Issue is not observed when creating the cluster with only the Calico Add-on. It is only observed when adding Multus Add-on to the cluster

Error : Feb 29 16:58:00 xyz-test-vmw-1-np2-cork-4rpkg-75c77cb44fxpdb88-7nhzp kubelet[1395]: E0229 16:58:00.068830 1395 remote_runtime.go:205] "StopPodSandbox from runtime service failed" err="rpc error: code = Unknown desc = failed to destroy network for sandbox \"xy6041930e87e6f22f96f07809c178f614d6e10bc17f70dfa1c144daee8855d4\": plugin type=\"multus-shim\" name=\"multus-cni-network\" failed (delete): CmdDel (shim): failed to send CNI request: Post \"http://dummy/cni\": EOF" podSandboxID="xy6041930e87e6f22f96f07809c178f614d6e10bc17f70dfa1c144daee8855d4"

Environment

3.1
3.0

Cause

Users have experienced OOM-killed calico-ipam processes when using multus+calico in certain clusters (likely higher scale).
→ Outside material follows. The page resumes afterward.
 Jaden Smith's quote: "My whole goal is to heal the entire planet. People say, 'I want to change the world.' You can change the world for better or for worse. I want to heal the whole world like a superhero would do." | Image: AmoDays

This causes intermittent issues when creating containers. The calico-ipam plugin was being OOM-killed in the multus-cni DaemonSet pod because the 50Mi memory limit was too low.
the limit hit in the log: "memory: usage 51200kB, limit 51200kB". So it requires to increase the memory request/limit on multus.

Resolution

Increase the memory request/limit on multus via the TCA UI

1. Log into the TCA Web UI.

2. Go to Infrastructure > CaaS Infrastructure.
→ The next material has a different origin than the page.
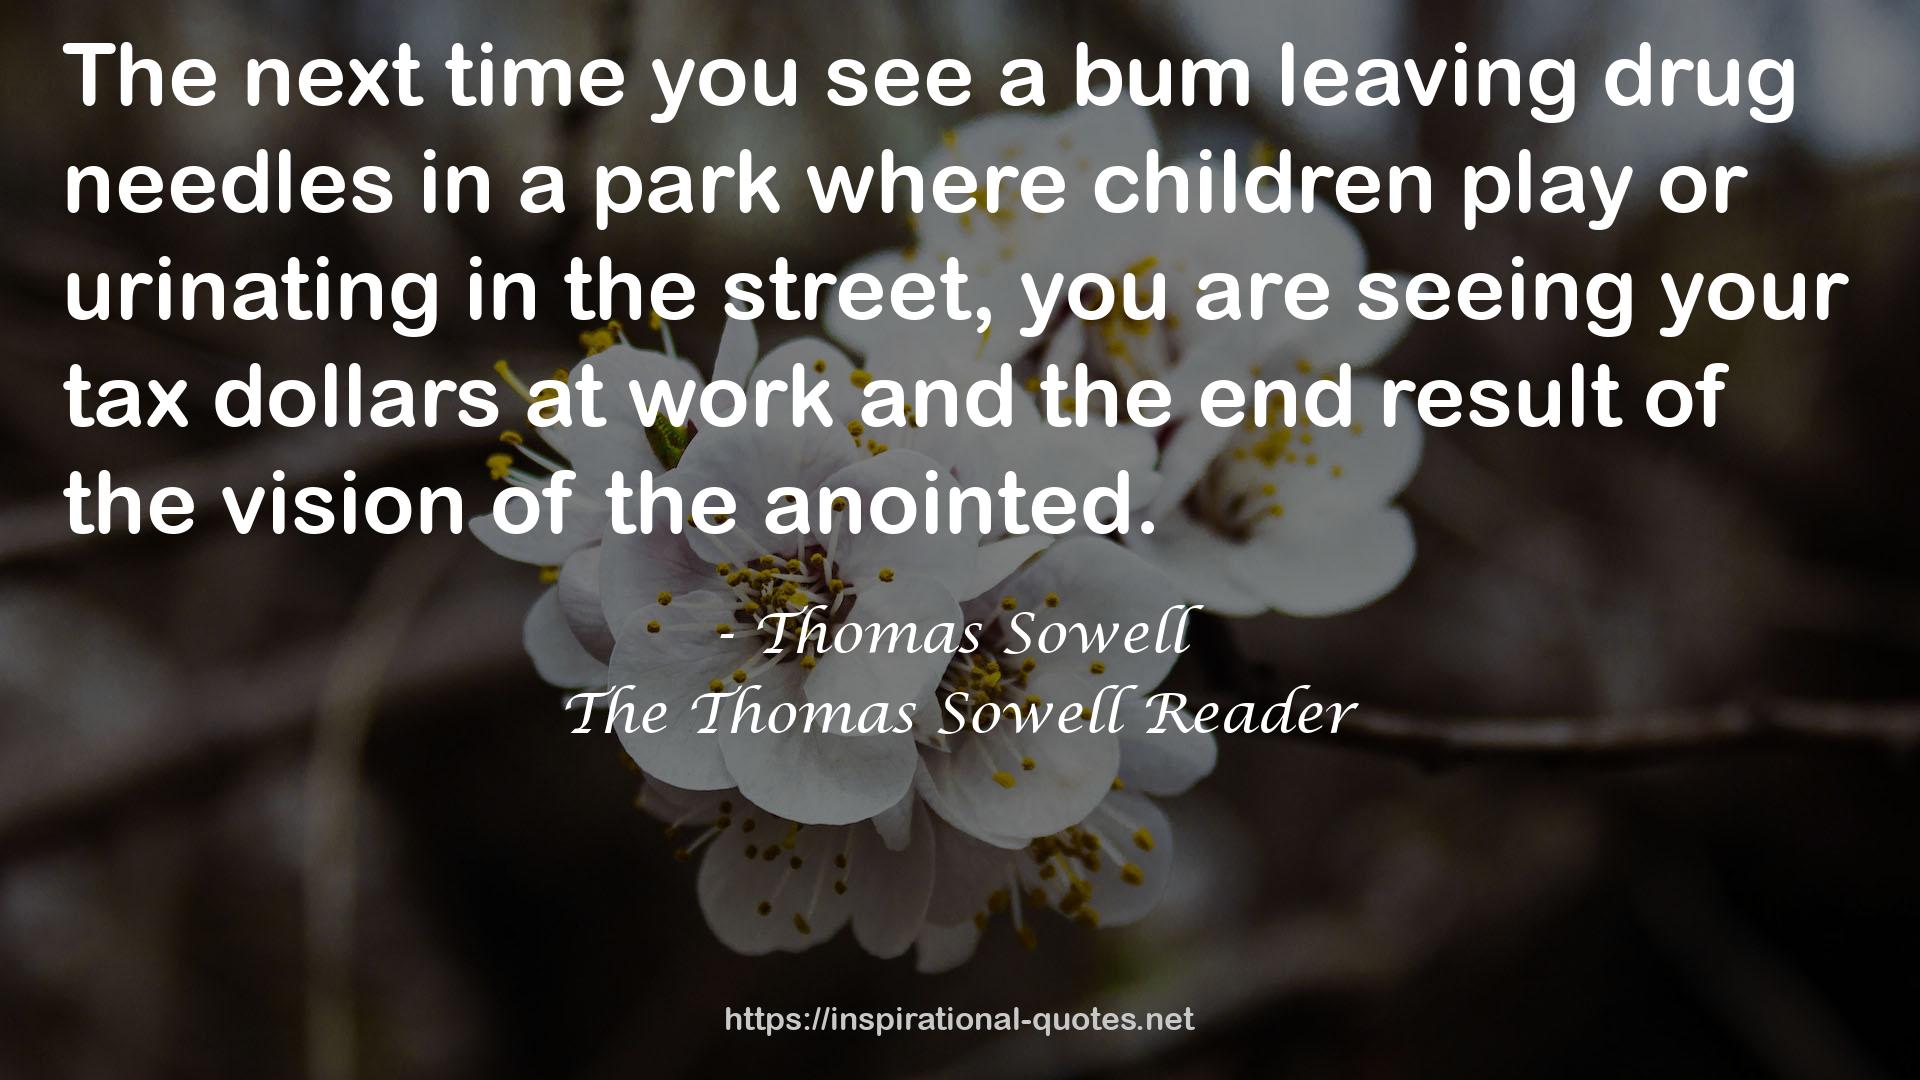 The Thomas Sowell Reader QUOTES

3. Click target workload cluster from the Cluster list.

4. Click Add-ons.

5. Click three-dots before the multus addon and click Edit.

6. Click the SAVE button on the Add-on Configuration dialog.

7. Click the NEXT button.

8. Click Custom Resources (CR) on the top.
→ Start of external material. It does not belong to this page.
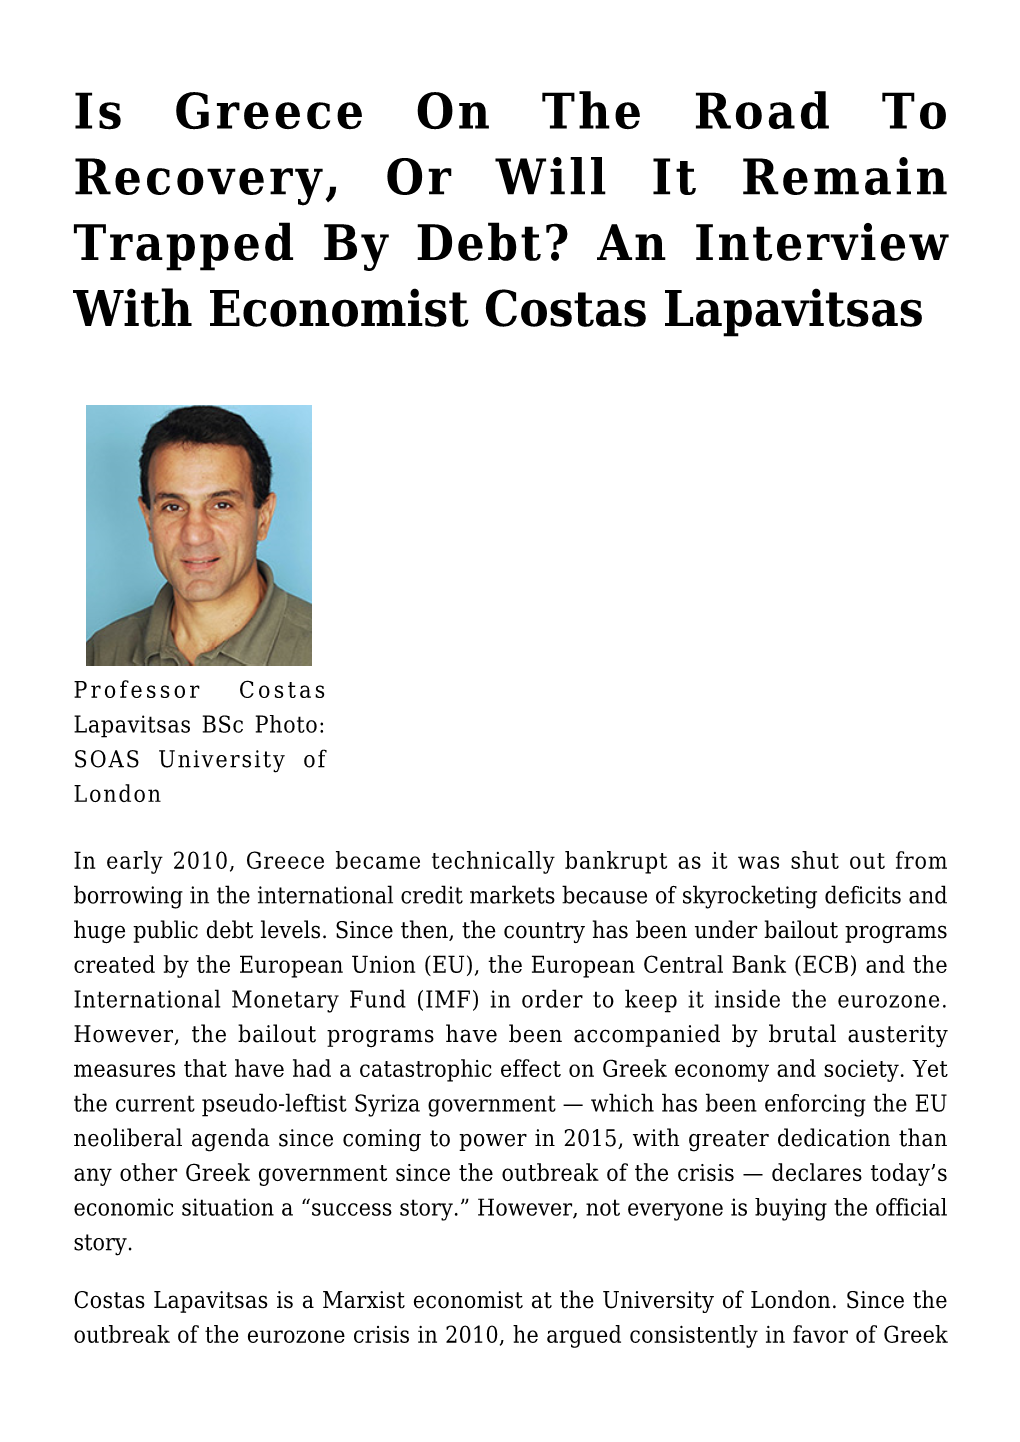 Is Greece on the Road to Recovery, Or Will It Remain Trapped by Debt? an Interview with Economist Costas Lapavitsas

9. Edit yaml file on the right-hand pane as shown here:

10. Click DEPLOY CHANGES at the bottom.

11. Wait for the addon status to change to a Provisioned state.

Verification:

1. Login to the TCA-CP where the Management cluster is deployed as admin user.

2. Run the below command as root to ssh to workload cluster

su -

ssh capv@<workload cluster endpoint IP>

3 Check if multus pods have the new resources.

kubectl get pod -n kube-system -l name=multus -o jsonpath="{range .items[*]}{.spec.containers[*].resources}{'\n’}"

Increase the memory request/limit on multus via the TCA-CP command line:

Note: The change via command line will be overwritten by update on TCA UI. So you need to edit Multus Addon on UI after upgrade as soon as possible.

Login to the TCA-CP where the Management cluster is deployed as admin user.
Run the below command as root to ssh to workload cluster

su -

ssh capv@<management cluster endpoint IP>

3. Get the current multus values.yaml

kubectl -n <workload cluster name> get secret multus-tca-addon-secret -o "jsonpath={@.data.values\.yaml}"|base64 -d > multus.yaml

4. Add resources to multus.yaml

cat <<EOF>> multus.yaml

resources:

limits:

cpu: 300m

memory: 150Mi

requests:

cpu: 200m

memory: 100Mi

EOF

5. Apply the new values.yml to multus secret.

VALUES_YAML=`base64 -w0 multus.yaml`

kubectl patch secret -n <workload cluster name> multus-tca-addon-secret --patch '{"data":{"values.yaml":"'$VALUES_YAML'"}}'

6. Exit from management cluster and ssh to workload cluster

exit

ssh capv@<workload cluster endpoint IP>

7. Check if multus pods have the new resources.

kubectl get pod -n kube-system -l name=multus -o jsonpath="{range .items[*]}{.spec.containers[*].resources}{'\n'}"

Additional Information

Impact/Risks:
This issue was observed in Telco Cloud Automation 3.0. Issue is only applicable to Multus 4.0.1 or above and TKG 2.3.1 or above. This issue may occur on TCA 3.1.